What bugs me about it is their insistence that their radio show "works the way the internet does, fast and free". No, it does not. It works the way a radio talk show works, thank you very much. I mean, really, what's that supposed to even mean anyway? You have guests, you have people that call in, you have a host guiding the conversation. What about this is in anyway like the internet?

If you wanted your radio show to really and truly be like the internet, here are some things that I thing ought to be essential:

1. Random Flame Wars Let's face it, there really are some radio shows out there where the guests scream at each other... but I've never heard that on Open Source. No flame wars? Open Source is clearly a different animal from the internet.

2. Topic Drift Christopher Lydon does a great job of keeping the show on-topic, which, as most of you know, is nothing like the internet. In fact you almost never see people stay on topic on the internet. Once again, Open Source proves it's a very different thing (a radio show, in case anyone was wondering).

3. Dead Horse Beating If you really want to run a radio show in the same way the internet is run, then you need to bring up old arguments again and again and again. Then you need people to point out that we're beating a dead horse. Then you beat it some more.
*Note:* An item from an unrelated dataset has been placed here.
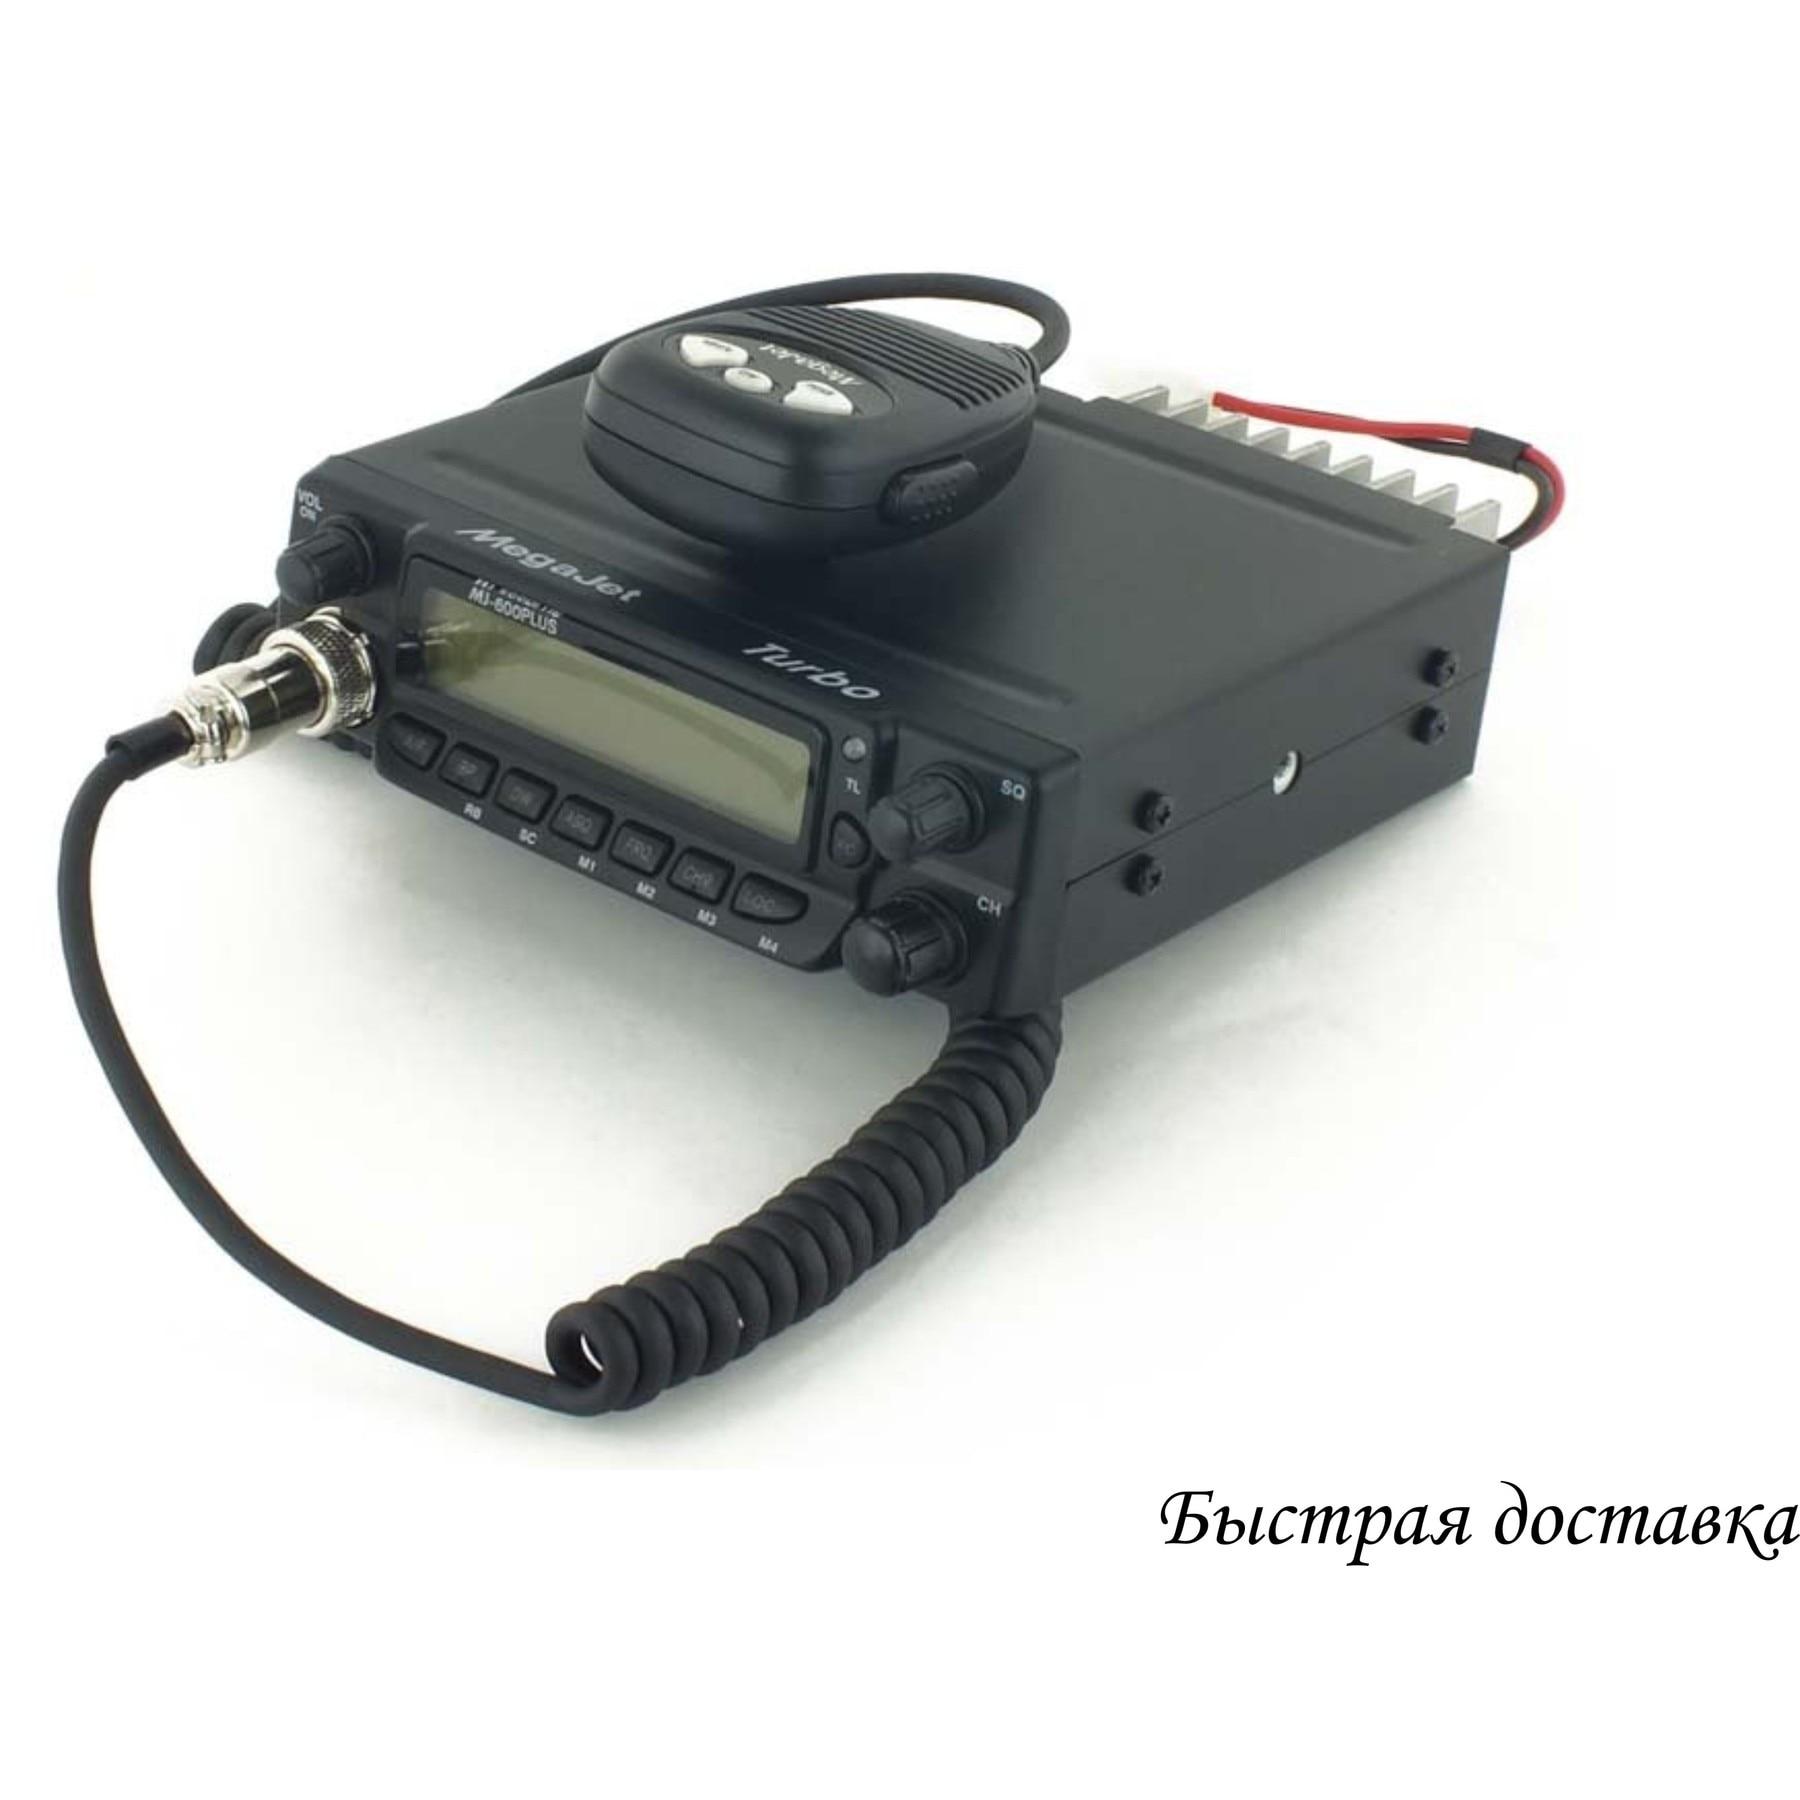 Radio Megajet Mj-600 + Turbo. Дальнобойщикам 20 W. Fast Shipping.

Hey, it's not necessarily great entertainment, but it is how the internet works.

4. Cr34tiv3 (133t) Sp311ing I mean really. The internet is all about people who can't spell or can't string sentences together, or who deliberatly misspell words or use other "leet" language. It's all over the place. If you want a radio show to be like the internet, you've got to translate things into leet, somehow.
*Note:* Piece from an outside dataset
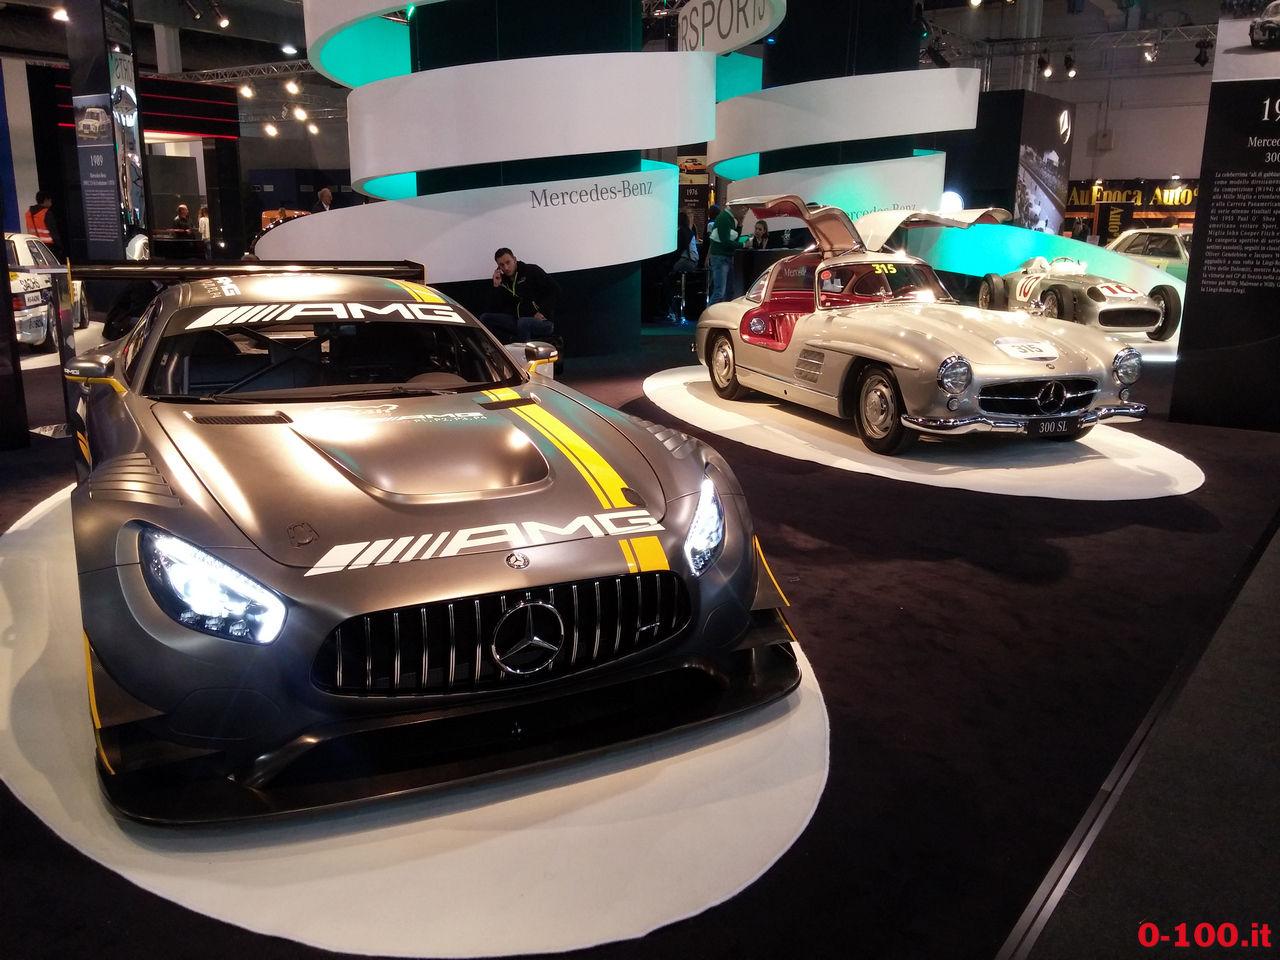 automotodepoca-2016-mercedes-car-market-mercato-auto-prezzo-price_0-10023

5. Spam and Popup Ads Everyone knows the internet means ad spam in your e-mail and popup ad spam when you surf. You might be able to block most of it, but not quite all of it. I don't see anything about the show Open Source that comes close. It's on Public Radio, fer gosh sakes! No ads at all!
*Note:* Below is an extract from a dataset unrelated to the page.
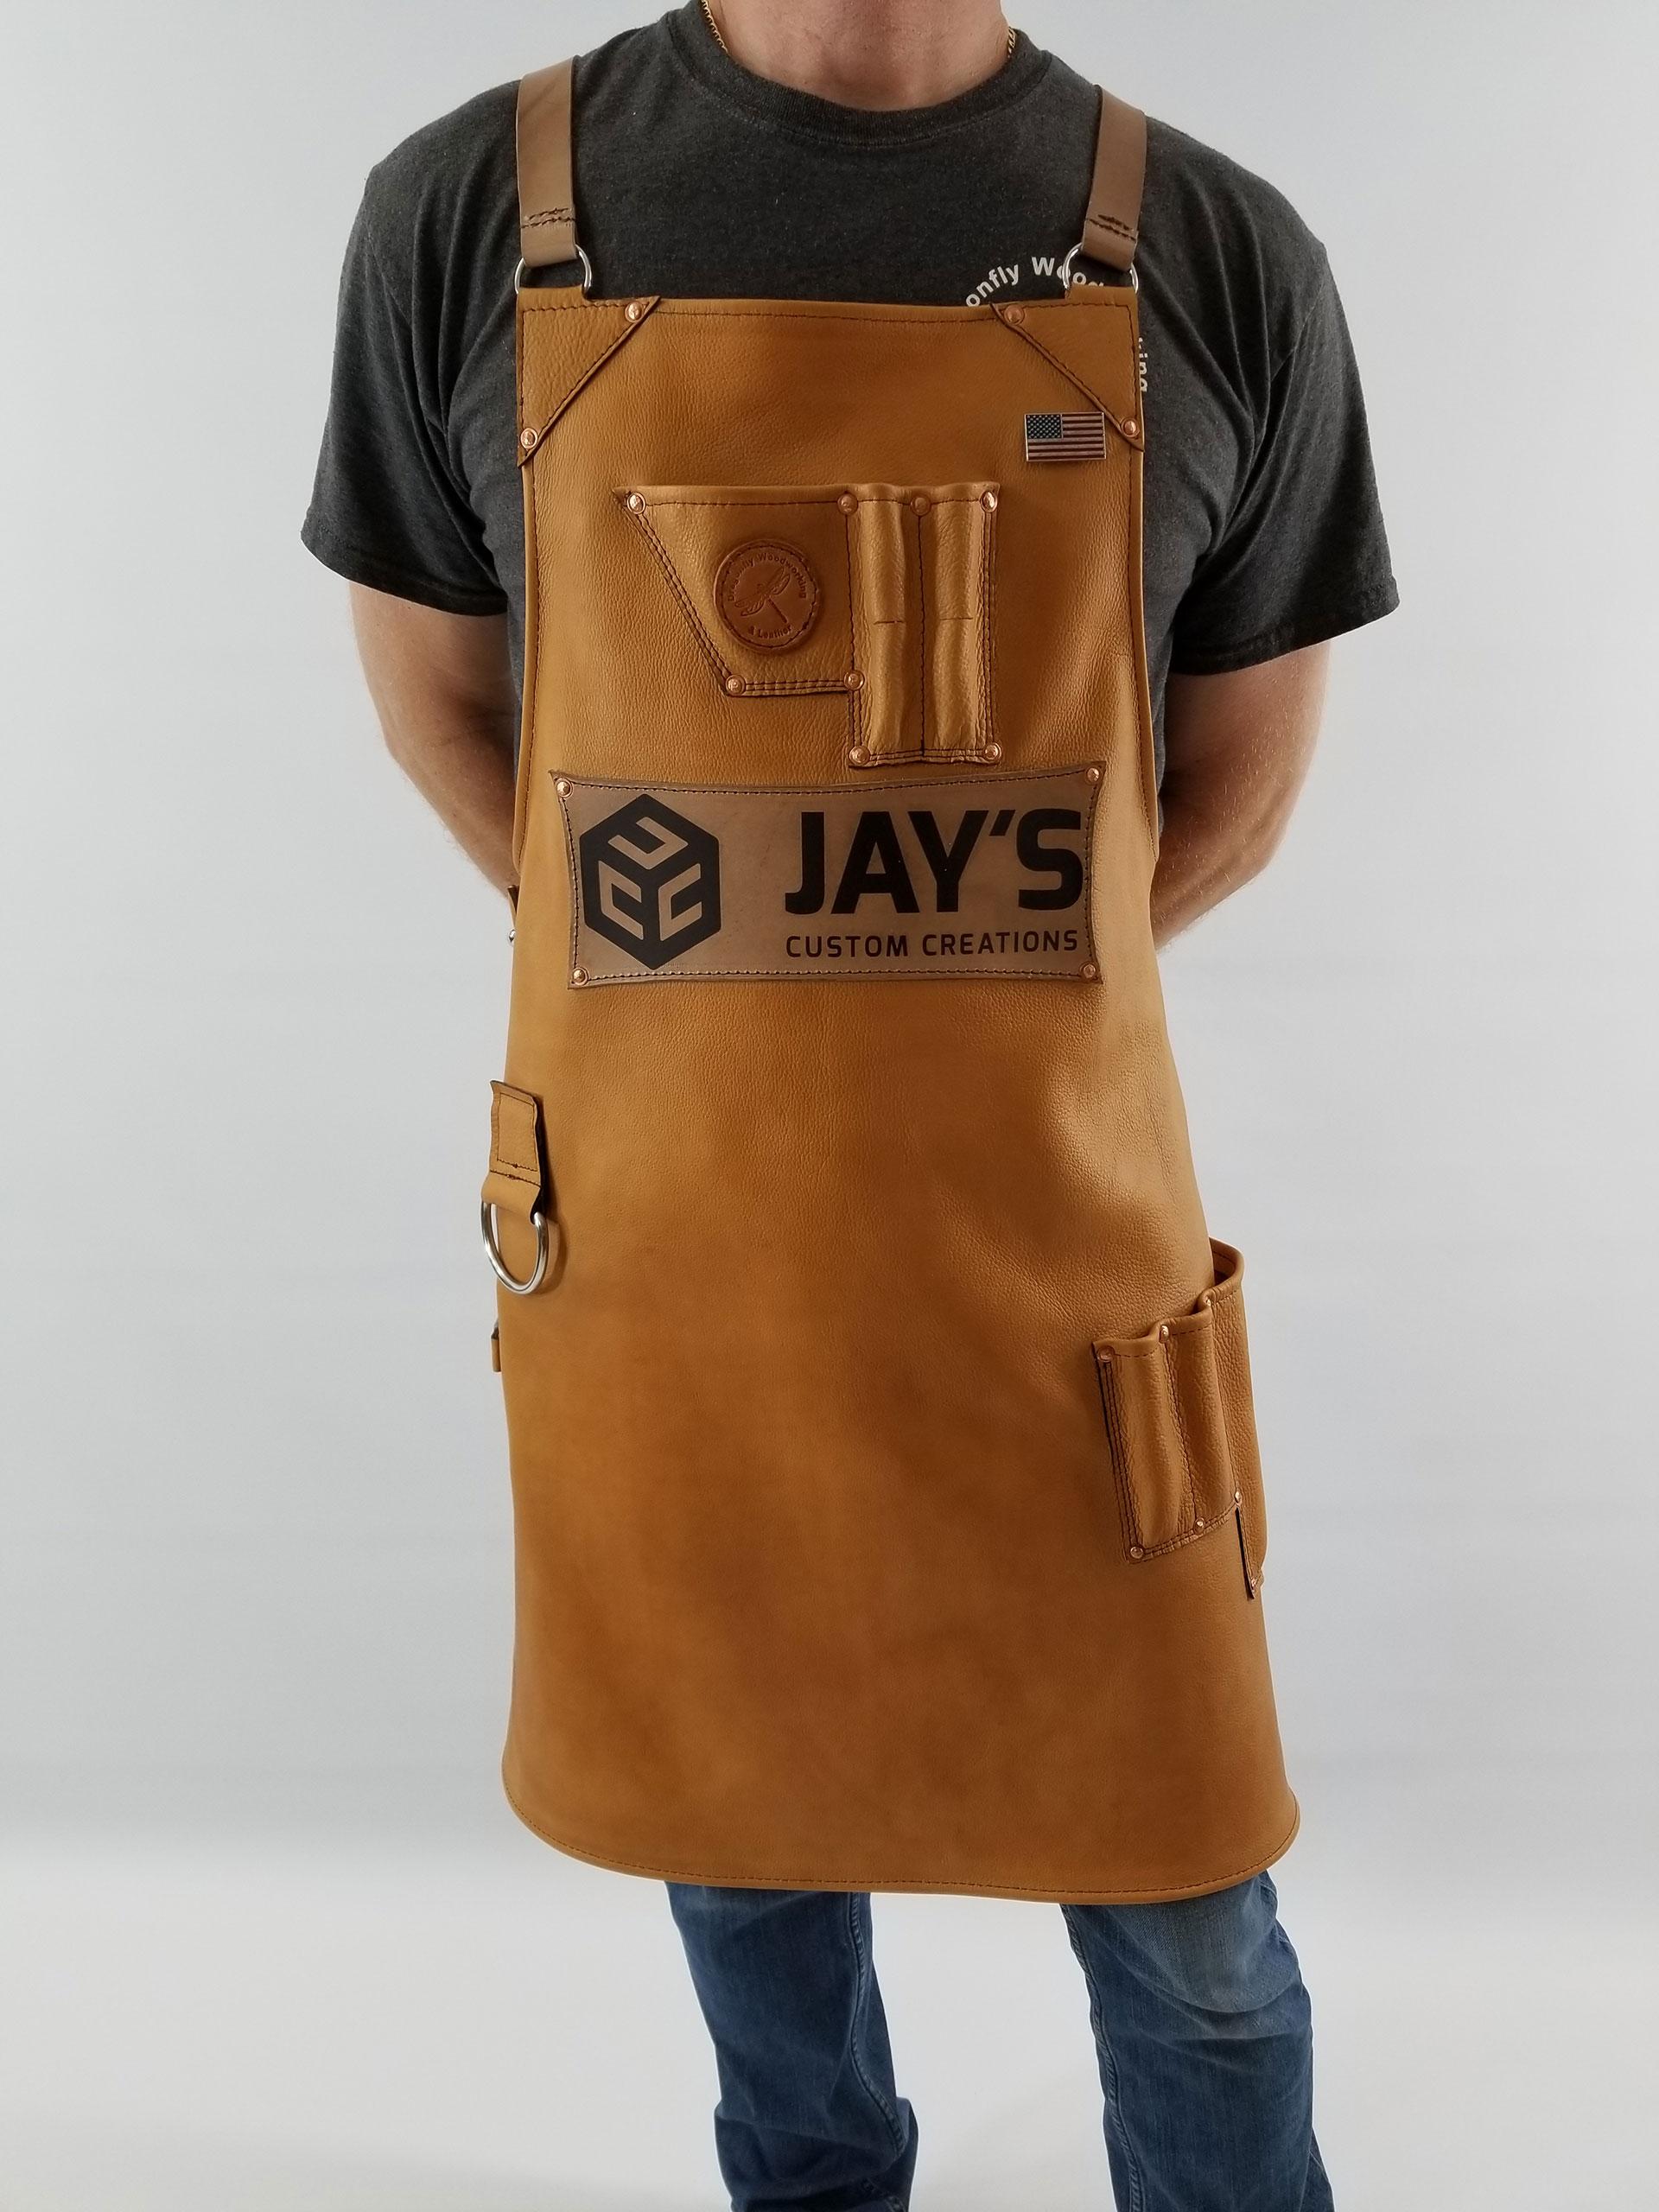 My Custom Shop Apron | Jays Custom Creations

6. Stupid Memes and Oddball Links to Weird Pictures & Movies This is what most blogs are about, right? That and bad poetry about how depressed you are because you're a teenager.

Mostly, however, what they probably want to stress is that, on the internet, practically anyone can have their say, and they want you to think that their radio show is the same. Only they screen their callers, just like any good radio show does. On the internet, you get a thousand people saying what they want to say at the same time. On Open Source, you get screened callers who get a couple of minutes to say something before they move on to the next caller. That's just like any other talk radio show, it's nothing like how the internet works.

On the positive side, as I said, Lydon does a pretty good job of running a talk radio show. Unlike, say, Warren Olney from To The Point, whose main skill seems to be asking pertinent questions and then interrupting his guests before they've managed to give a complete answer. He's also good at asking big questions when he's 15 seconds from going to a break, so that his guests really don't get the chance to answer at all.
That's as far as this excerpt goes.